The average age of volunteers at this food pantry was 89. Then the pandemic arrived.

Advertisement

This story is part of “One Year In,” a series documenting the ways that the COVID-19 pandemic has changed the lives of Jews around the world.

(JTA) — For years, Andrea Kopel’s Mondays included working with more than a dozen volunteers, all older women living on the Upper West Side of Manhattan, to distribute food to hungry New Yorkers.

Then came COVID-19, and more New Yorkers than ever struggled to pay for food — but the volunteers disappeared. Not only were they following public health guidance for anyone who could to stay home, but they were especially susceptible to the risks of the coronavirus.

“The women who sat at the registration table were an average age of 89 — and that’s average,” Kopel said.

Kopel is the executive director of the New York chapter of the National Council of Jewish Women, which has run a food pantry, delivering three to four days’ worth of food to hungry families every Monday since the 1980s, when the Reagan administration cut back nutrition programs for the poor.

That mission became all the more pressing when the pandemic set in, as many people lost jobs or access to food at work and school. Hunger became a national crisis. And Kopel had to figure out how to meet local needs without the 15 to 20 reliable volunteers who had been recruited from the constituency that her group serves with activities such as meditation, exercise and craftwork.

The abrupt change required an acceleration of shifts that were already underway. When she started at NCJW in 2014, the nonprofit veteran Kopel said, “We were doing check-in and registration with paper files that the volunteers kept in a milk crate.”

She launched Excel and computer training for the volunteers. She won’t say how successful it was.

“Computer savvy?” she said, laughing. “They’re computer-game. You can quote me on that and that’s all I’m going to say.”

Then the pandemic hit and there was no way Kopel could keep her elderly volunteers in place. “They all had to go home and stay there, even if they didn’t want to,” she said. “Some of them wanted to keep coming in but we said this is not responsible.”

Kopel and her staff scrambled to meet the challenge, and didn’t miss a Monday of food distribution, she said. They found replacement volunteers among younger New Yorkers who were seeking a way to fill the scads of time suddenly available to them.

But much the heart had been drained of the Monday food pantries. Before the pandemic, recipients and volunteers would sit down to chat during registration sessions that started each pickup. They’d go over which items a recipient needed and which had to be avoided because of allergies — and they would connect on a human level.

Now, volunteers swiftly hand over a pre-packaged bag.

“We have really prided ourselves on really creating a warm and welcoming and dignified experience for our hunger program,” Kopel said. “This does not feel like that at all.”

The loss is not felt just by the volunteers, she said; the clients also got a lot out of the old ways of engaging.

“They really want us to know that they appreciate that we’re here for them. They really want to say thank you and God bless you,” Kopel said. “They want to tell us their story. Some people want to tell us that they’ve always been independent before and they’ve never needed help. They want to know how we’re doing. They want to say ‘Are you okay, how are you?’ They really want to know — and those are just not conversations we can have.”

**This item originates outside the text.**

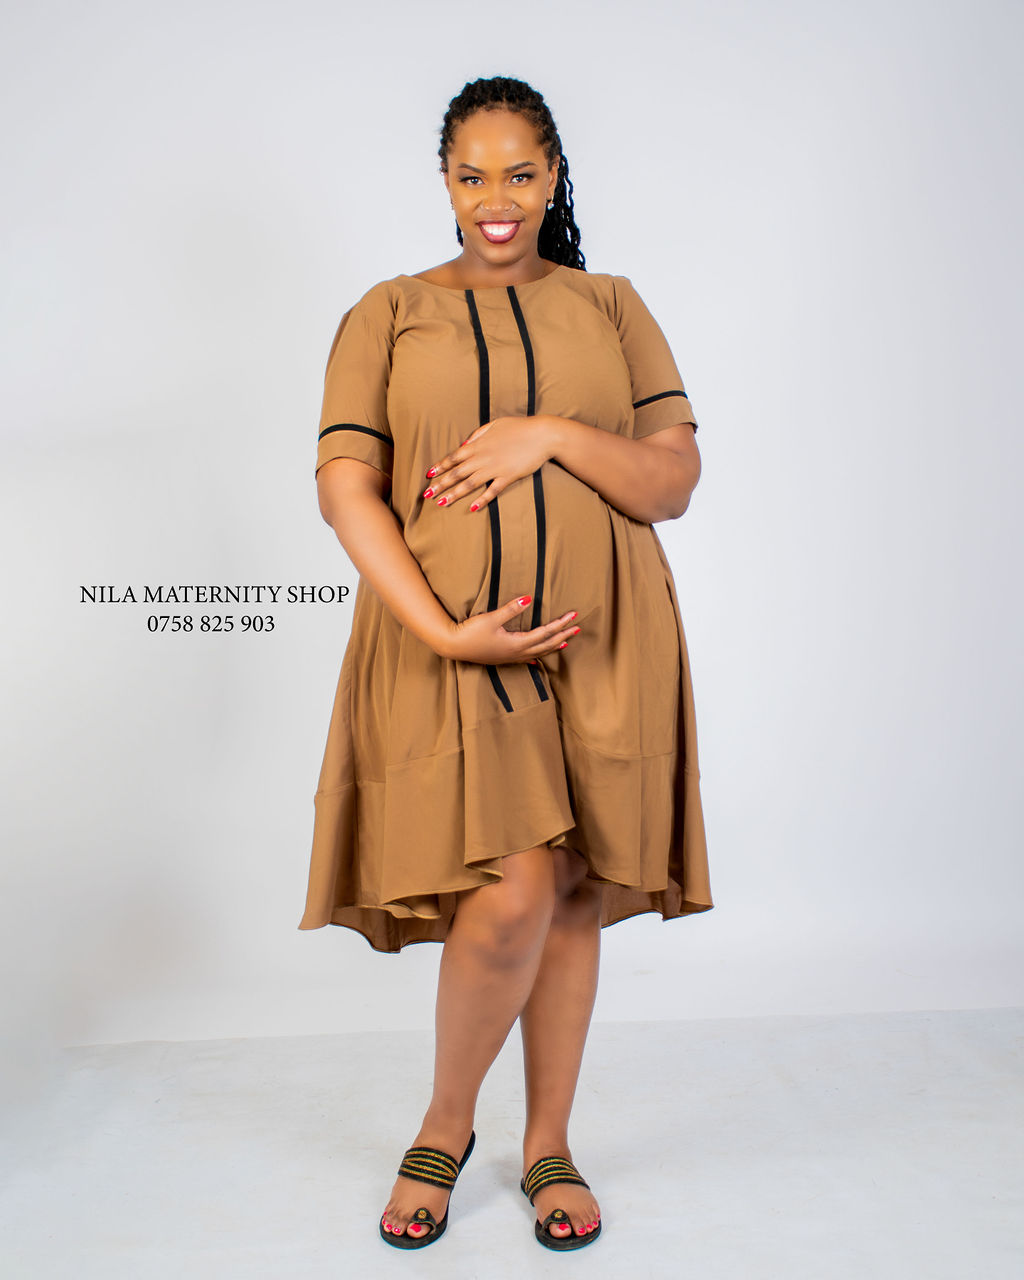 Free Size Ladies Official Dress Pregnant Friendly

Still, even with limited time for emotional interactions, a new cadre of younger volunteers are growing as addicted to the work as their elderly predecessors have been, Kopel said.

“One of our [younger] volunteers told us that it is the most meaningful and satisfying thing in her life right now,” she said. “A lot of our younger volunteers will probably need to go back to some extent to their office jobs or sales, a lot of those will have less flexibility. But there may be a shift. One thing that will change is that we may become a bit more intergenerational.

“I do think that for a lot of people in the past year has really, it’s been in a positive way of sort of a moment of reckoning,” she said. “And really, wanting to give back but in a more robust or meaningful way.”

But while Kopel said she anticipates a more diverse set of volunteers in the future, she expects the old guard to return once it is safe for them to do so.

“The Upper West Side is a hotbed of aging New Yorkers,” she said. “I run into folks on the street and sometimes I talk to them on the phone and, yes, they all want to come back.”